Bowel cancer is not just a disease of older people
12 March 2020
A young surgeon’s experience as a patient with bowel cancer
If you ask any clinician, becoming a patient is an unusual experience. When you couple that with the naivety of youth, embracing the role of a patient is particularly challenging.
“We are taught that we when we hear hoof beats, we should think horses, not zebras.”
As part of surgical training, and even in medical school, there are specific red flags that are taught to all of us. ‘Bowel habit change’ and ‘per rectal bleeding’ are not a great combination. We are also taught that we when we hear hoof beats, we should think horses, not zebras. So when I developed these symptoms I just assumed that I probably had a benign cause of bleeding. I assumed this for six weeks while I worked in a high volume liver and kidney transplant unit until I decided it was bothersome. I picked up the phone to one of my mentors, a colorectal surgeon. She subsequently performed my low anterior resection.
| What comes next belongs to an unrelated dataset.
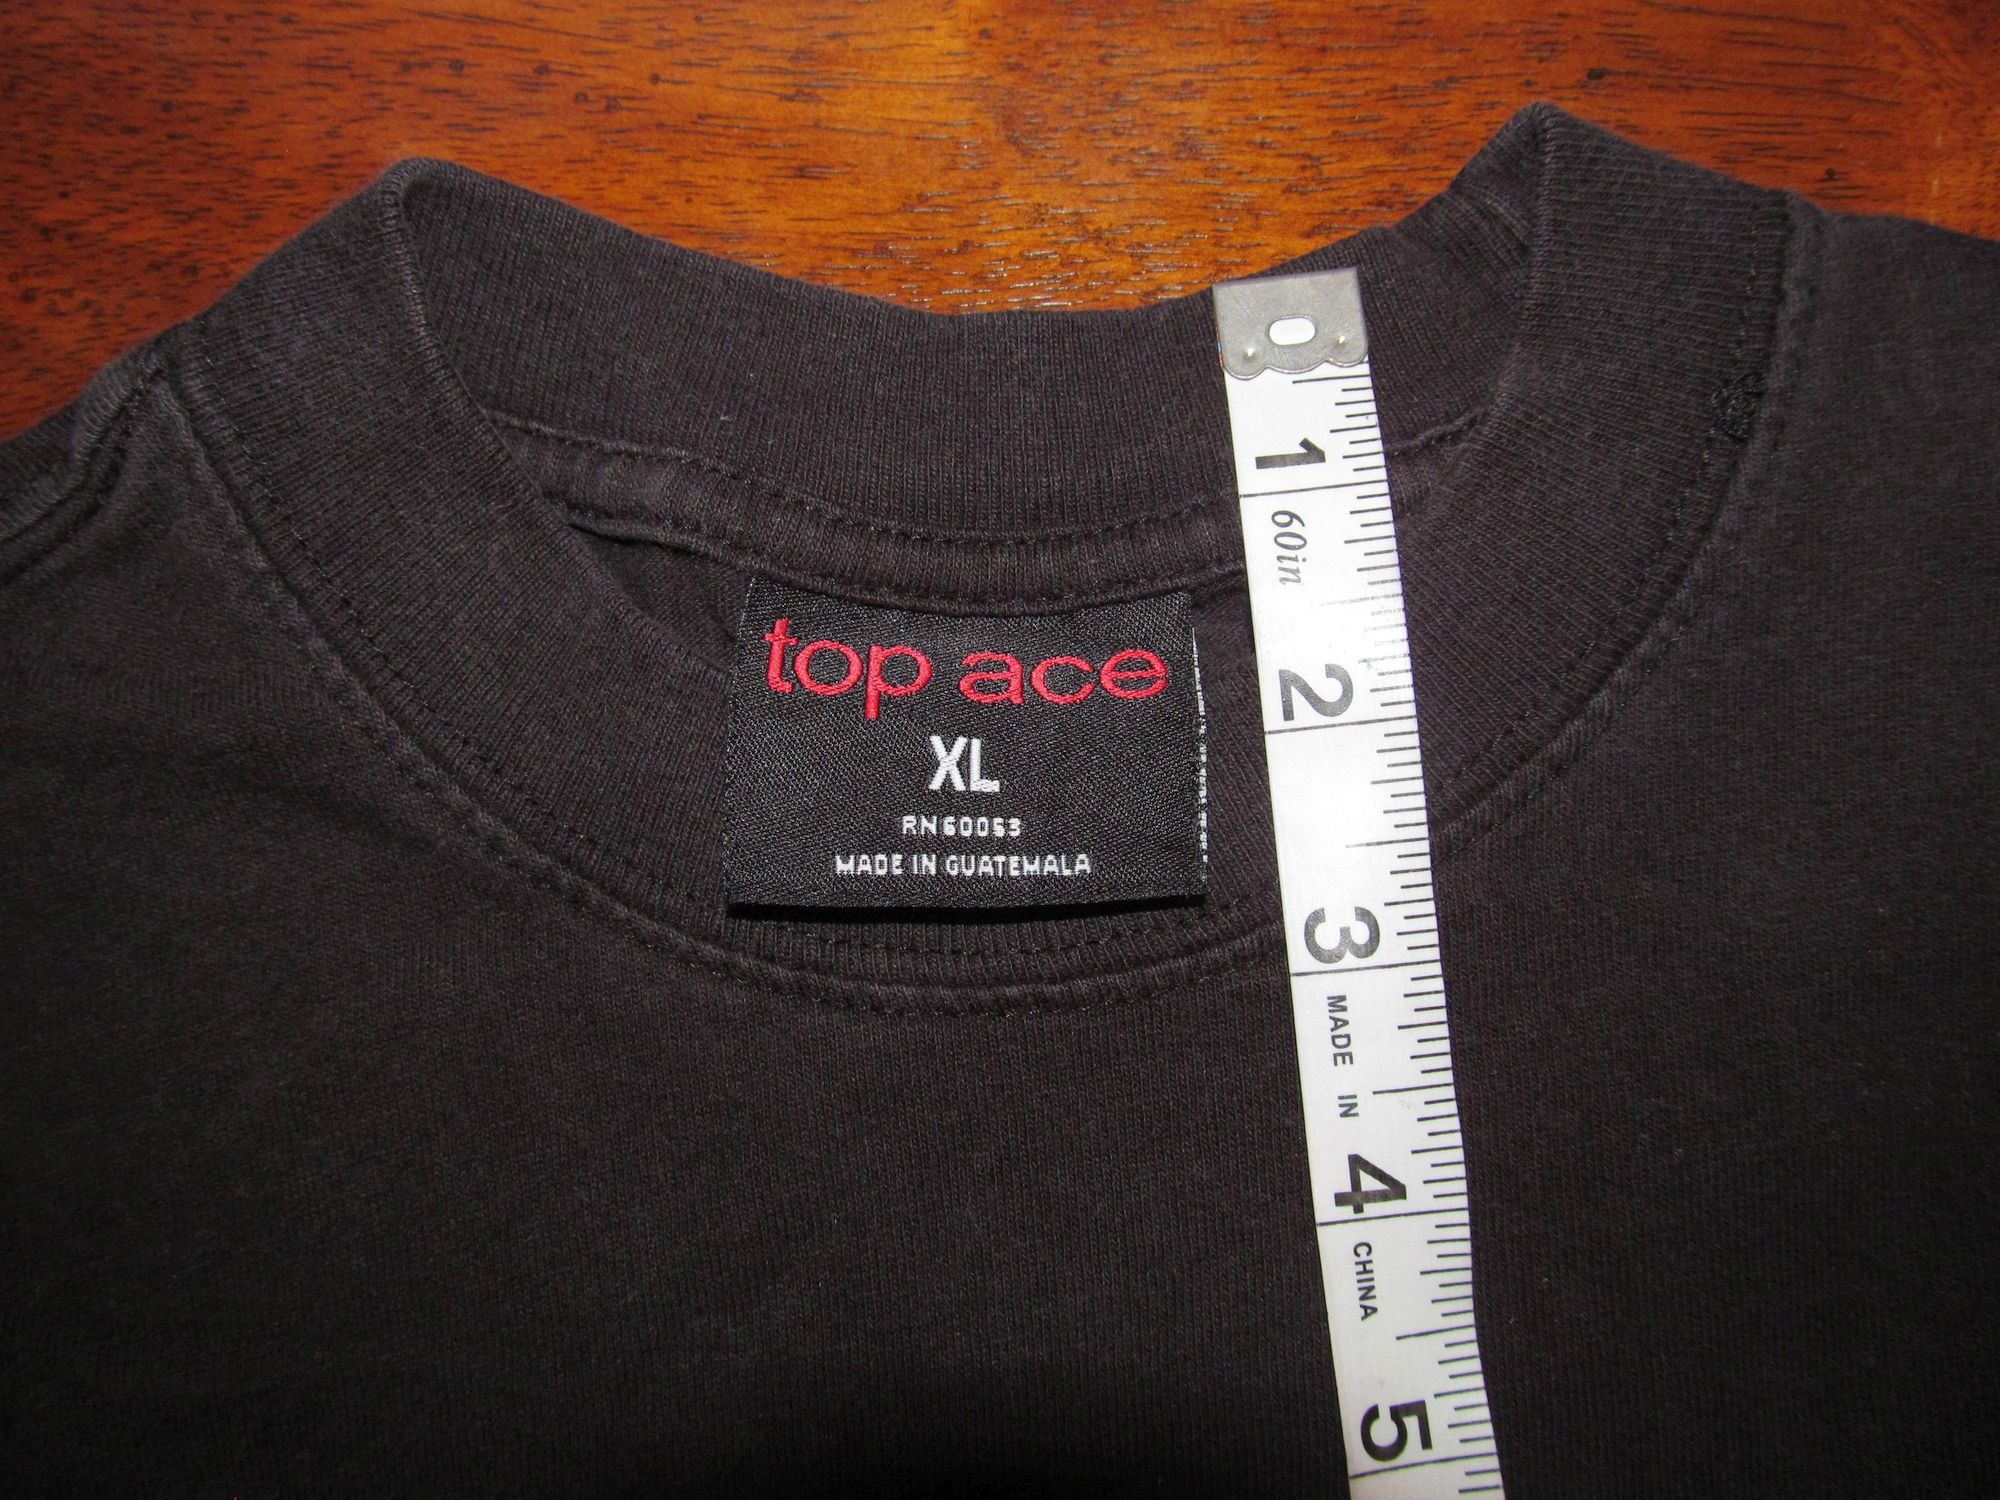 top ace crew neck tee shirt measurements
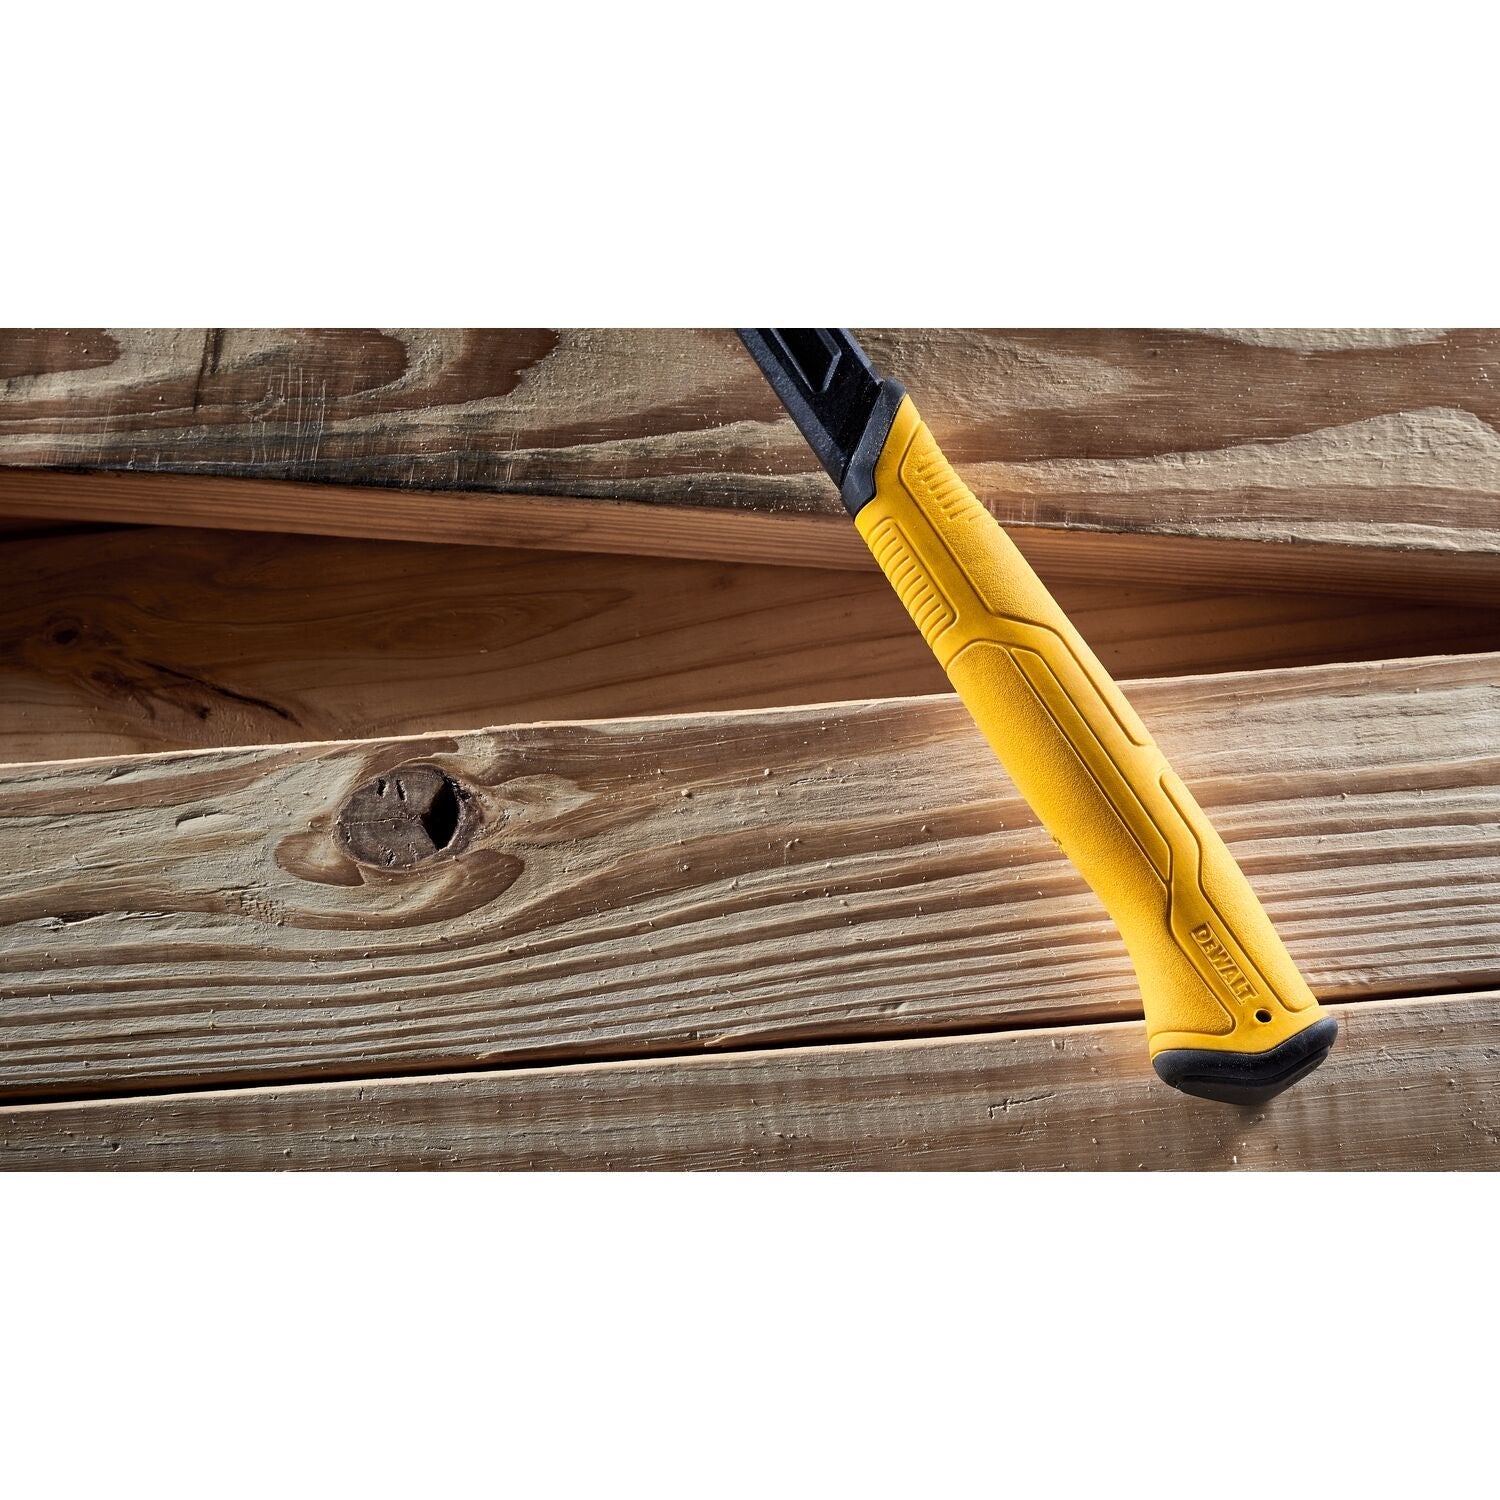 Dewalt DWHT51003 16 oz Rip Claw Steel Hammer

My story is different. I class myself as one of the lucky ones. I was aged 33, with no significant family history, only stage 3. I underwent a low anterior resection, fertility treatment and then 6 months of adjuvant FOLFOX. FOLFOX was not very kind. I didn’t require neoadjuvant radiotherapy, had clear margins and only 2 positive nodes. It is amazing how different your perspective is after such an unexpected life interruption. My life changed completely in one single moment.
From the beginning I called myself a lucky unlucky person. I had encountered young people with colorectal cancer in my surgical training, however, in clinics with 30-50 people being followed up in our public health system, it was still a rarity. When I was diagnosed in 2018 I only really began to appreciate the growing trend of young people being diagnosed with colorectal cancer. People that are not considered at risk. People under the age of 50. Where screening programmes exist, all of these people would be too young to be screened. The age for screening in the United States has recently been lowered. It is still not practical for many reasons to extend population based screening to include those who are even younger. While the figures are alarming us all and steadily climbing, they still don’t meet criteria to support population based screening.
“Becoming a patient reveals so much more about patient care and management.”
What is practical and even more alarming is these people’s stories. Bowel Cancer Australia and Bowel Cancer UK frequently highlight individuals who I never thought I would relate to. I am one of many in a long list of patients who are only too happy to tell their story in hope that someone might not have to go through and live with the effects of cancer. Becoming a patient reveals so much more about patient care and management. The anxiety relating to waiting, having scans, and to having your first operation as such a major one. The knowing too much, from the very beginning. After I was told that my surgeon found a cancer, I know I asked where it was. I meant anatomically. I asked this as I knew what the next investigations would be and what treatment (if I wasn’t metastatic) was being considered. It’s not a normal opening question from any other patient.
It is really encouraging to see increasing attention being paid by researchers and surgical journal editors to the rising rate of colorectal cancer in young people, because it means that the message is being delivered regarding the need to investigate symptomatic people. This is separate to any screening argument. I have been part of the #Never2Young campaign and consider myself obliged to advocate for such awareness campaigns not only as a health professional, but as a colorectal cancer patient. I have become a statistic. I am one of those people diagnosed with a left sided colorectal cancer in the age group 20-49.
Publishing real data and real stories and disseminating them will reach our communities and our clinicians working on the front line, trying to sort through who to investigate further or not. The message is becoming clearer for them now. Symptomatic people need investigating. I have seen firsthand only too many young people who have dismissed their own symptoms or had them dismissed by all levels of care. There are barriers to appropriate investigation with colonoscopy for many reasons. We need to make sure patients are better supported.
“Cancer does not discriminate.“
I have completed treatment. I have had highs and lows within my surveillance already. I am lucky enough to have returned to work finishing my time in general surgical training. Navigating through life post treatment has days of uncertainty and sadness. I never stay sad too long. I constantly get reminders of just how lucky I am to still have this life that could have so easily been taken from me.
Cancer does not discriminate. It will choose anyone at any time. Anyone with symptoms needs to be investigated, as sometimes those hoof beats are actually zebras.